Francesco Marroccu, lei era il direttore generale del Cagliari durante la gestione Allegri. Ricorda il primo incontro col mister?
«Mi fece subito una grandissima impressione. Ma è stato Cellino a insistere, nel 2008 voleva soltanto lui: Allegri era stata la sua mezzala qualche anno prima a Cagliari e ha spinto tantissimo per il ritorno. Lui ci ha dato subito la disponibilità, ma il Sassuolo voleva esercitare l’opzione di rinnovo del contratto. Non è stato facile trattare con Giovanni Rossi, ma l’intelligenza di Max gli permise di ottenere ciò che voleva».

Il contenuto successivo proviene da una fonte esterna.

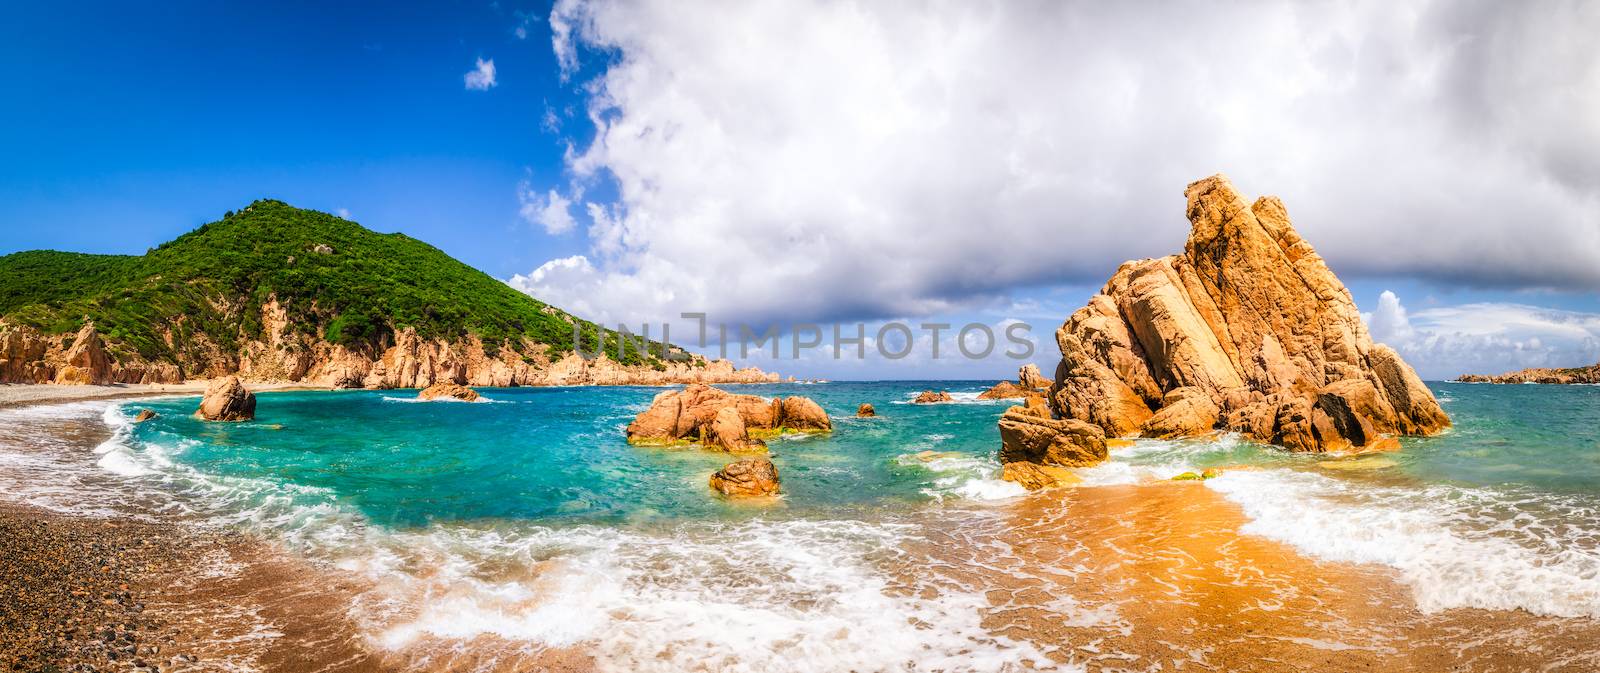 Beach scenic panoramic view in Costa Paradiso, Sardinia by martinm303

Avevate delle alternative ad Allegri?
«No, Cellino mi chiamava tutti i giorni per Allegri. Era diventato un chiodo fisso. Nonostante in Sardegna da giocatore non ebbe successo, anzi. Venne pagato 15 miliardi, doveva sostituire Matteoli, ma le cose non sono mai andate per il verso giusto. Eppure Cellino rimase stregato dal suo carisma. Aveva questo tarlo, così si è imputato e alla fine ha avuto ragione su Max».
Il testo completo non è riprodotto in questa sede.